→ **Task statement**:
What you should repeat is the run of lines from the top of the listing below through the line with "Miniaturka do artykułu", exactly, with no pictures.

→ **Provided material**:
-- -- --
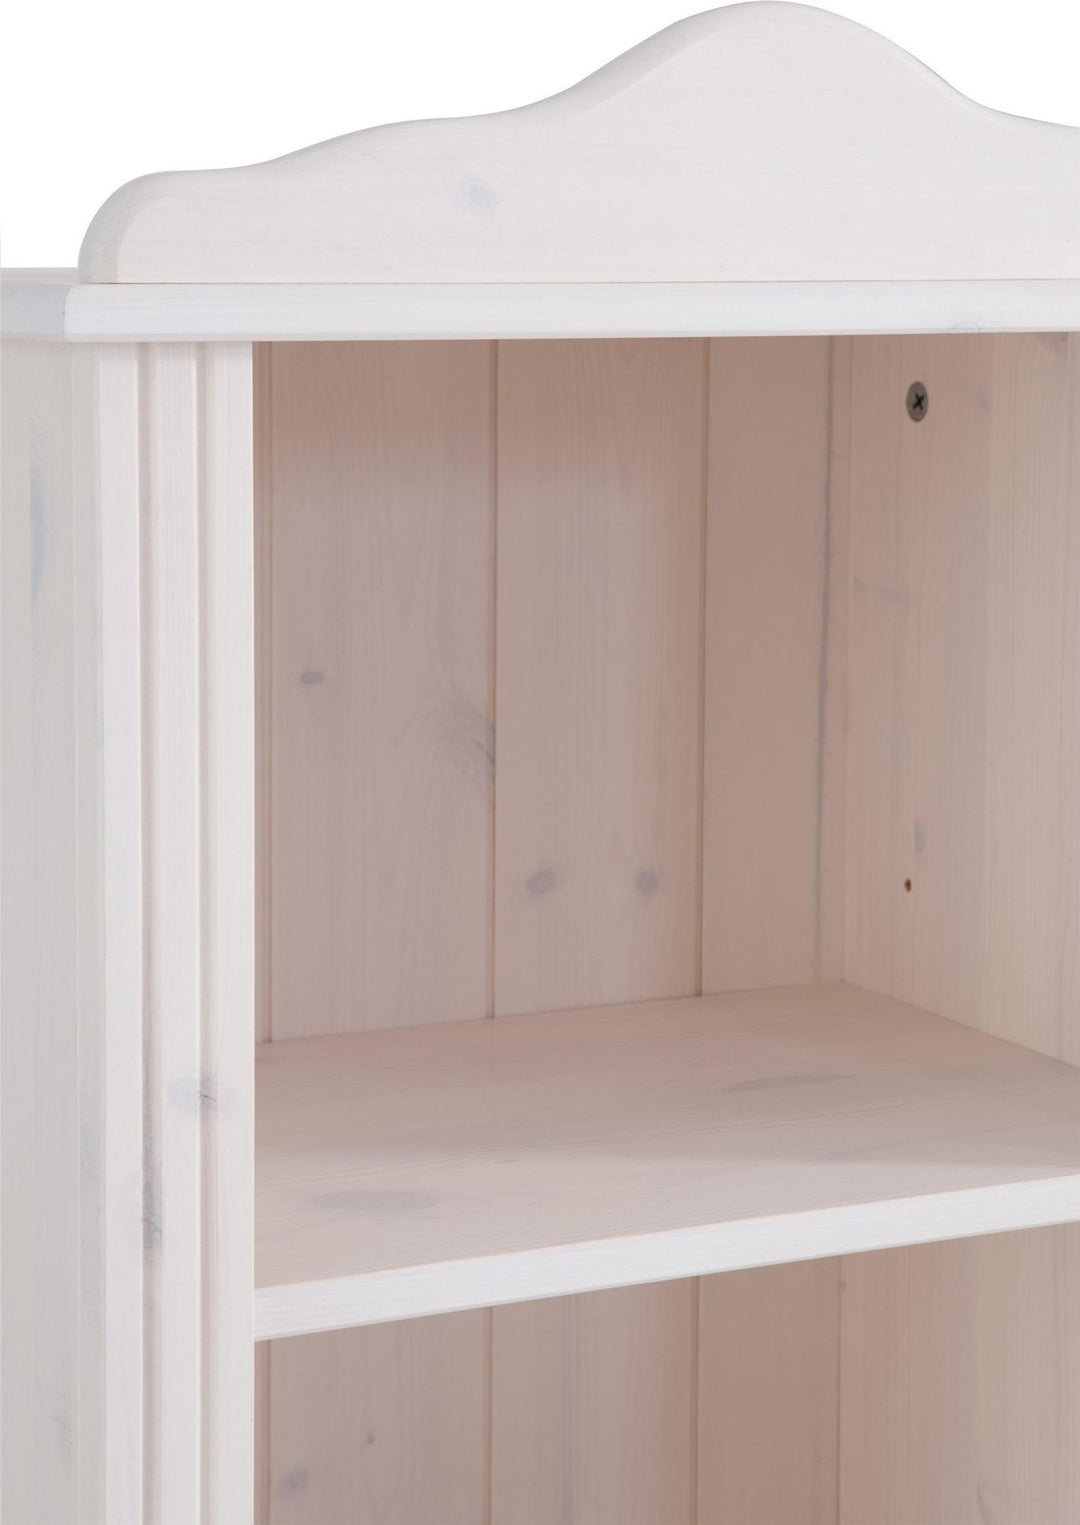 Stylish 5 Shelf Bookcase - White
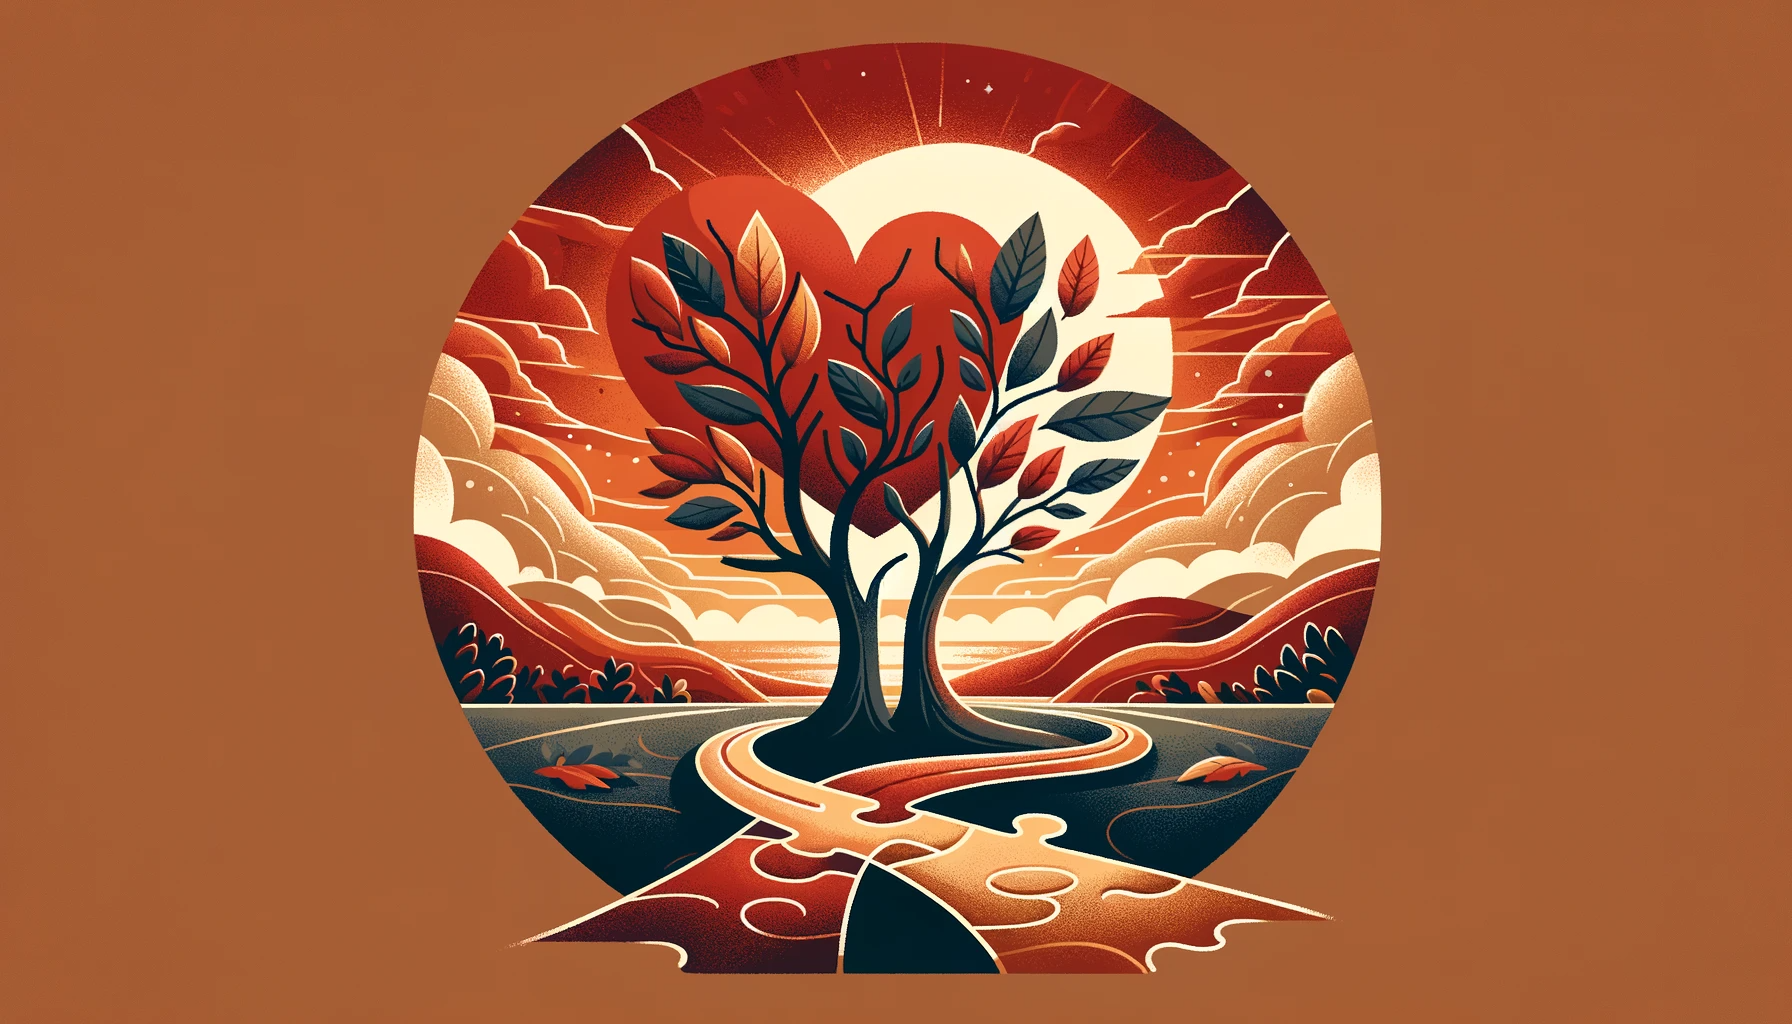 Miniaturka do artykułu o długotrwałych związkach, przedstawiająca dwa drzewa rosnące blisko siebie, puzzle, ścieżkę prowadzącą do zachodu słońca, w kolorach czerwieni, złota, odcieni ziemi
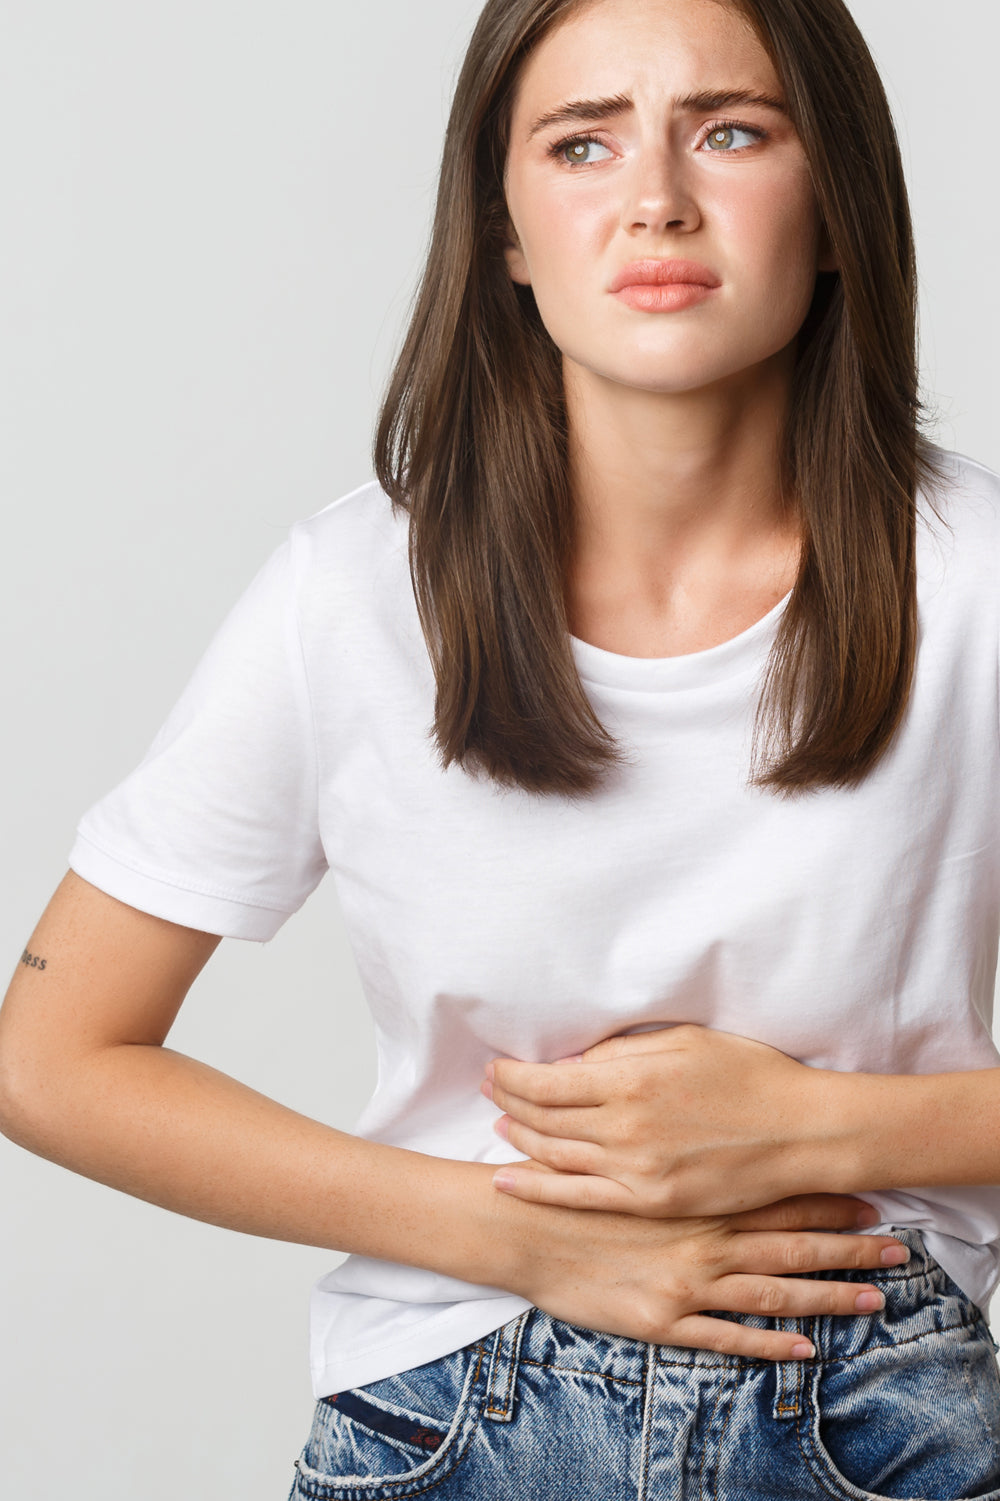 Tu Microbiota Intestinal: Estrés, Alimentación y Equilibrio Digestivo
-- -- --
→ **Result of this task**:
 Stylish 5 Shelf Bookcase - White
 Miniaturka do artykułu o długotrwałych związkach, przedstawiająca dwa drzewa rosnące blisko siebie, puzzle, ścieżkę prowadzącą do zachodu słońca, w kolorach czerwieni, złota, odcieni ziemi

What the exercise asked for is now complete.